The Water Pik must be flushed out after each use to avoid damage to its internal parts. Also, some people find that the salt sclution stings a little at first. But, besides being germicidal, it tends to shrink the gums, partially accomplishing chemically what the periodontist does with the knife. The result is that it becomes easier to get the baking soda disinfectant paste into the pockets, making the minor inconveniences of the routine worthwhile.
When the microscope continues to disclose a germ population that is down but not out, Keyes has one more weapon in his arsenal: an antibiotic tablet (tetracycline) between meals and at bedtime for two weeks. Ironically, a patinent may find it harder to remember to take the pills at the proper intervals than to practice the more complicated rites involving soda, salt, toothpicks and Water Pik. Tetracycline should not be taken within an hour of having anything to eat, or during the last half of pregnancy, because it may permanently discolor all of an infant's teeth.
OF THE 75 or so people with severe gum disease treated by the NIDR in the last three years, some had sought to avoid surgery and others had had it at least once, only to have it fail. Most whose mouths were not already in hopeless condition have retained all or nearly all their teeth.

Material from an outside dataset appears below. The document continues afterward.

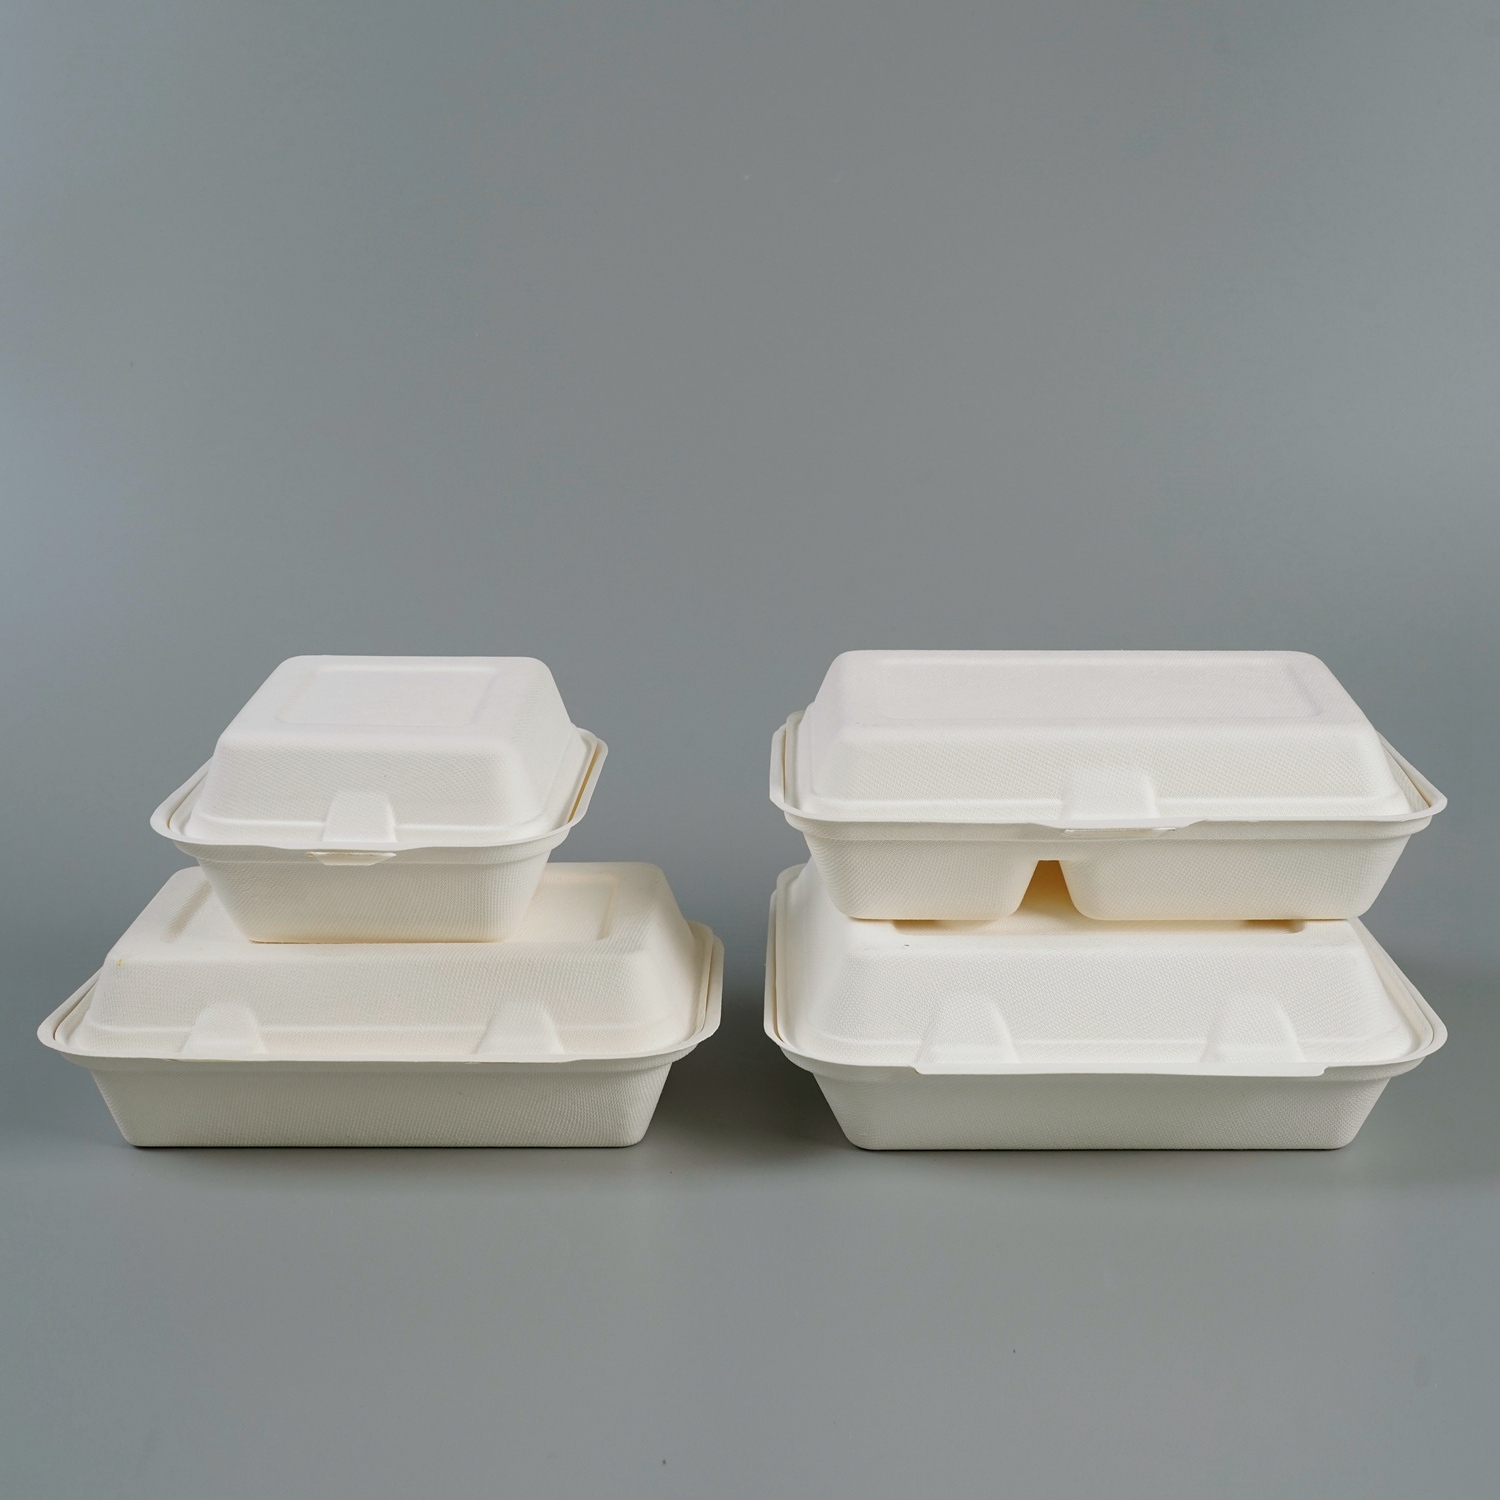 What is the differences between PFAS free and Normal Bagasse Food Packaging Products? Bagasse Food Container, Biodegradable Tableware, compostable and biodegraadable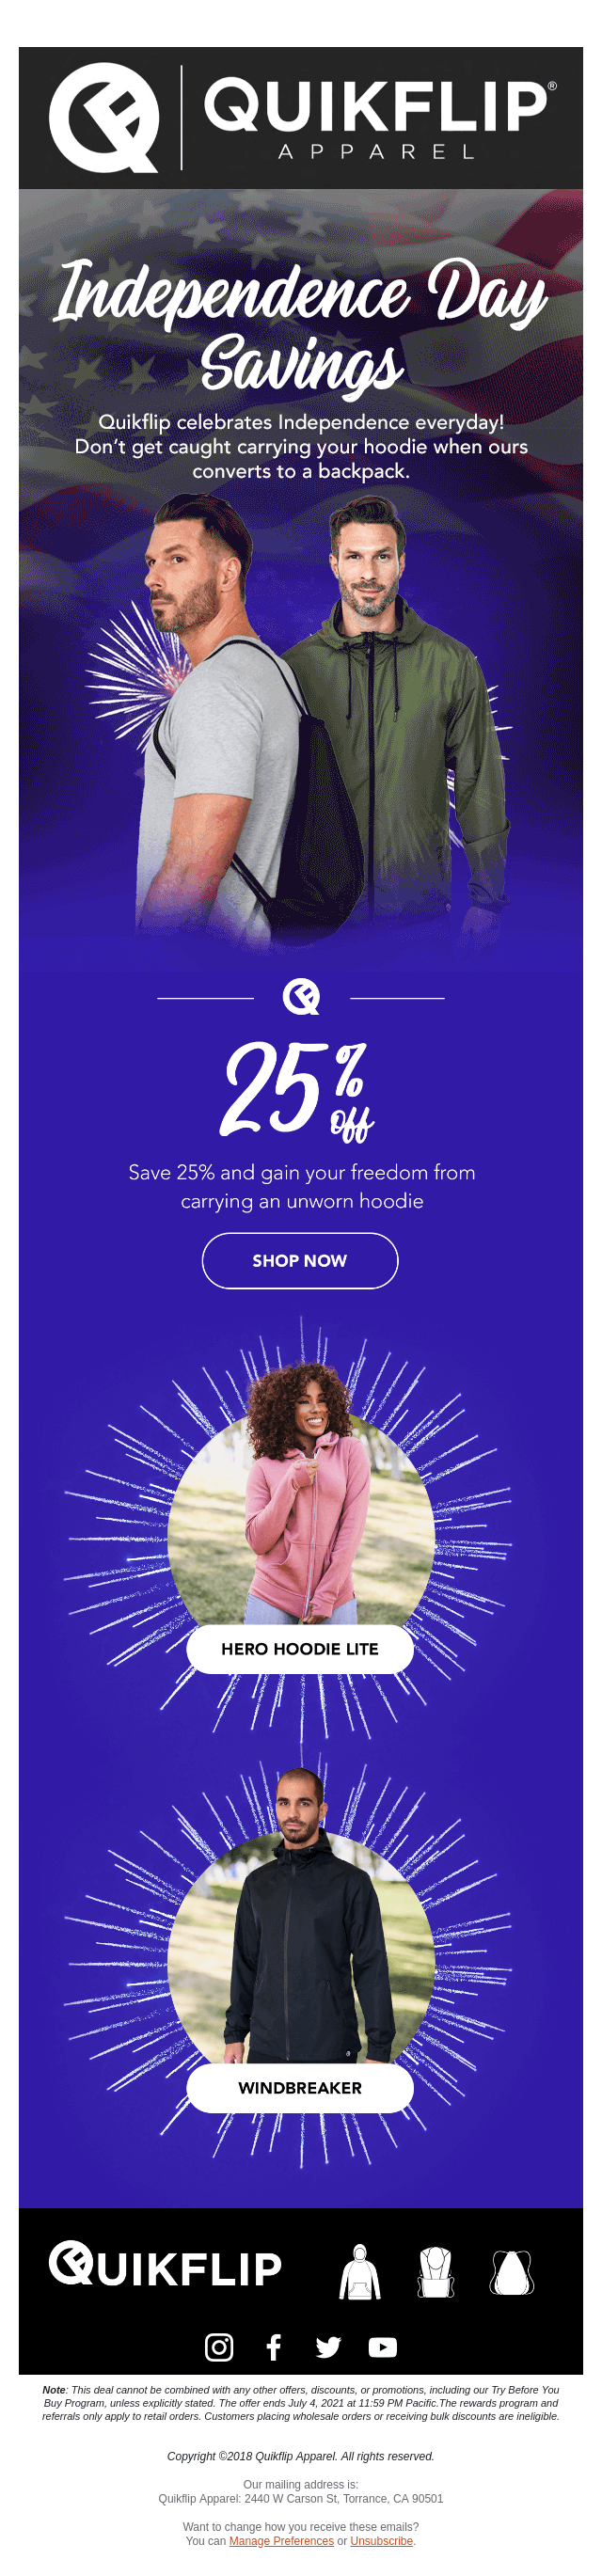 Image shows an email message promoting a July 4th sale

Much the same has been true of the patients of the few other dentists who have invested in a microscope like Keyes' and tried his techniques. One of these continues to do gum surgery, but much more sparingly than before. His billing for such surgery dropped from $30,000 in 1974 to just $800 last year, and even those patients on whom he operates are taught the NIDR regimen.
However, just as gum surgery is actually not a cure for periodontal disease, neither is the Keyes method, which works only for as long as the patient practices it religiously and which may eventually lose its effectiveness anyway. Not enough patients have used it long enough to tell.
Nor will salt and baking soda have the desired effect if the patient uses them but fails to get them where they need to go, as sometimes happens. Neither will they or tetracycline repair damage already done. Their purpose is to keep periodontal disease from getting worse. And it must be said that no study comparing their effectiveness with that of gum surgery has been performed.
Still, only about 2,500 of the nation's dentists have had the advanced training in gum surgery that qualifies them as periodontists, whereas an estimated 32 million Americans have pyorrhea so severe that they are in imminent danger of losing their teeth. The sheer arithmetic of the situation -- a caseload of over 12,000 patients per periodontist -- speaks loudly for an alternative approach that professionals with less training can administer and supervise.
Fewer than half those 32 million are thought to be actually under treatment now and, according to current estimates, 90 million more Americans have gum disease in its earlier stages, which has also been shown to be responsive to the Keyes regimen.
With the need so great and surgery both painful and costly, a microscope in every dentist's office might well make baking soda, salt water and tetracycline a feasible and economical alternative, at least until the advent of a preventive vaccine that would solve the problem once and for all.
Even then, I'd find it hard to give up that baking soda-hydrogen peroxide paste. Since I've been using it my teeth have been whiter than they've been in years.